Each iommu has multiple domains, where each domain represents an
address space. PCIexpress endpoints can be located on its own domain
for addr protection reasons, and also have its own tag for iotlb cache.
each addr space can be either a 3 or 4 level. So it would be hard to predict
how much to setup ahead of time for each domain/device.
Its not a simple single level table with a small window like the gart case.
Just keeping a pool of page sized pages its easy to respond and use where its
really necessary without having to lock pages down without knowing real demand.
The addr space is plenty, so growing on demand is the best use of memory
available.
> If you make the start value large enough (256+MB?) that might reasonably
> work. How much memory in page tables would that take? Or perhaps scale
> it with available memory or available devices.
>
> In theory it could also be precomputed from the block/network device queue
> lengths etc.; the trouble is just such checks would need to be added to all kinds of
> other odd subsystems that manage devices too.
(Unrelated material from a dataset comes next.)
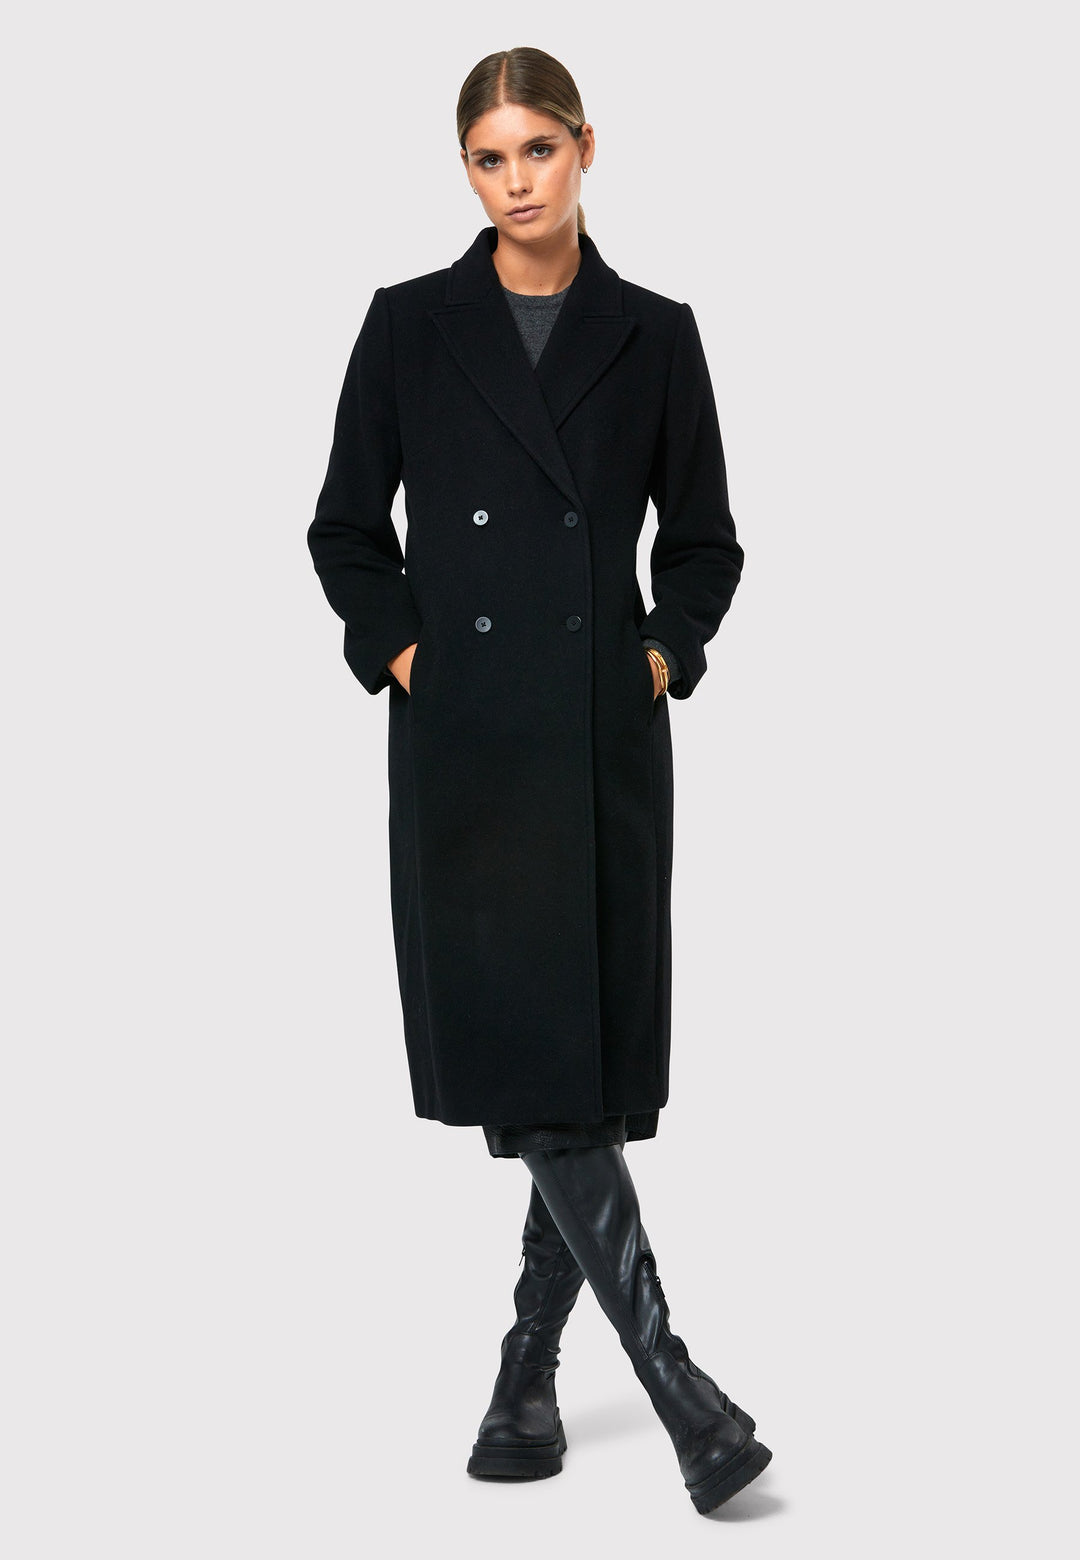 Introducing the Beryl Black Coat, your ultimate companion for warmth and style this winter season. This exquisite coat features a classic double-breasted silhouette with a four-button fastening and a sleek collar and revere detail, inspired by men's tailoring. Crafted from a cozy melton fabric, it falls below the knee, enveloping you in both comfort and sophistication. Stay fashionable and cozy with the Beryl Black Coat, a must-have addition to your winter wardrobe.

That would be much more work.
>
> Some investigation how to do sleeping block/network submit would be
> also interesting (e.g. replace the spinlocks there with mutexes and see how
> much it affects performance). For networking you would need to keep
> at least a non sleeping path though because packets can be legally
> submitted from interrupt context. If it works out then sleeping
> interfaces to the IOMMU code could be added.